In PyTorch we can easily define our own autograd operator by defining a subclass of torch.autograd.Function and implementing the forward and backward functions. We can then use our new autograd operator by constructing an instance and calling it like a function, passing Tensors containing input data.

In [None]:
# -*- coding: utf-8 -*-

In [1]:
import torch

In [2]:
# Define a ReLU function

class MyReLU(torch.autograd.Function):
    """
    We can implement our own custom autograd Functions by subclassing
    torch.autograd.Function and implementing the forward and backward passes
    which operate on Tensors.
    """
    
    @staticmethod
    def forward(ctx, input):
        """
        In the forward pass we receive a Tensor containing the input and return
        a Tensor containing the output. ctx is a context object that can be used
        to stash information for backward computation. You can cache arbitrary
        objects for use in the backward pass using the ctx.save_for_backward method.
        """
        ctx.save_for_backward(input)
        return input.clamp(min=0)
    
    @staticmethod
    def backward(ctx, grad_output):
        """
        In the backward pass we receive a Tensor containing the gradient of the loss
        with respect to the output, and we need to compute the gradient of the loss
        with respect to the input.
        """
        input, = ctx.saved_tensors
        grad_input = grad_output.clone()
        grad_input[input < 0] = 0
        return grad_input

In [3]:
dtype = torch.float

# device = torch.device("cpu") # Uncomment this to run on CPU
device = torch.device("cuda:0") # Uncomment this to run on GPU

In [4]:
# N is batch size; D_in is input dimension;
# H is hidden dimension; D_out is output dimension;

N, D_in, H, D_out = 64, 1000, 100, 10

In [5]:
# Create random input and output data
# Setting requires_grad = false indicates that we do not need to compute gradients
# with respect these Tensors during the backward pass.
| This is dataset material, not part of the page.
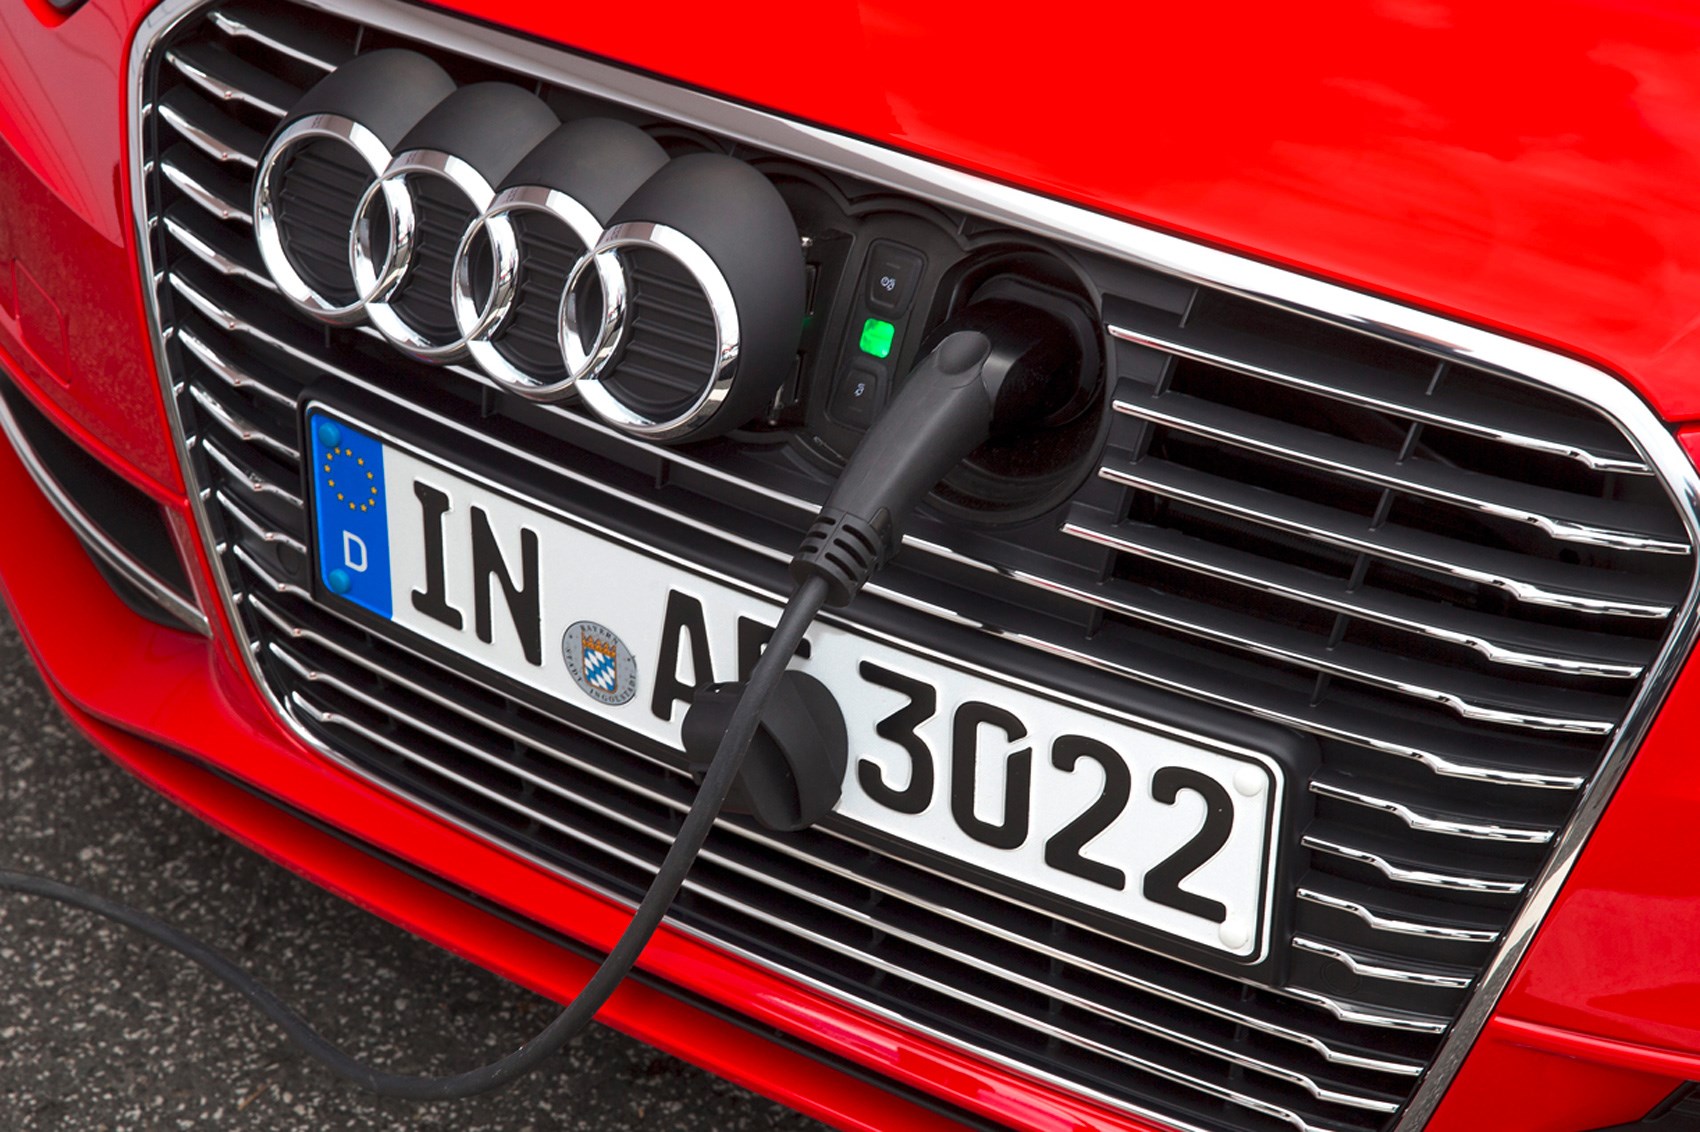 Audi's A6 Avant e-Tron concept proves there's life in the estate

# default requires_grad = False 

x = torch.randn(N, D_in, device=device, dtype=dtype)
y = torch.randn(N, D_out, device=device, dtype=dtype)

In [6]:
# Create random weights.
# Here need to caculate grad (requires_grad = True)

w1 = torch.randn(D_in, H, device=device, dtype=dtype, requires_grad=True)
w2 = torch.randn(H, D_out, device=device, dtype=dtype, requires_grad=True)

In [7]:
# init learning rate

learning_rate = 1e-6

In [12]:
for t in range(500):
    
    # Use Function.apply method to alias MyReLU as "relu"
    relu = MyReLU.apply
    
    # Forward pass 
    y_pred = relu(x.mm(w1)).mm(w2)
    
    # Caculate loss
    loss = (y - y_pred).pow(2).sum()
    if t % 100 == 99:
        print(t, loss.item())
        
    # Use autograd backward
    loss.backward()
    
    # Update weights
    with torch.no_grad():
        w1 -= learning_rate * w1.grad
        w2 -= learning_rate * w2.grad
        
        w1.grad.zero_()
        w2.grad.zero_()

99 390.6264343261719
199 1.2671489715576172
299 0.007072353269904852
399 0.00017808620759751648
499 3.3400647225789726e-05


-- by HanaRo, 2020/09/09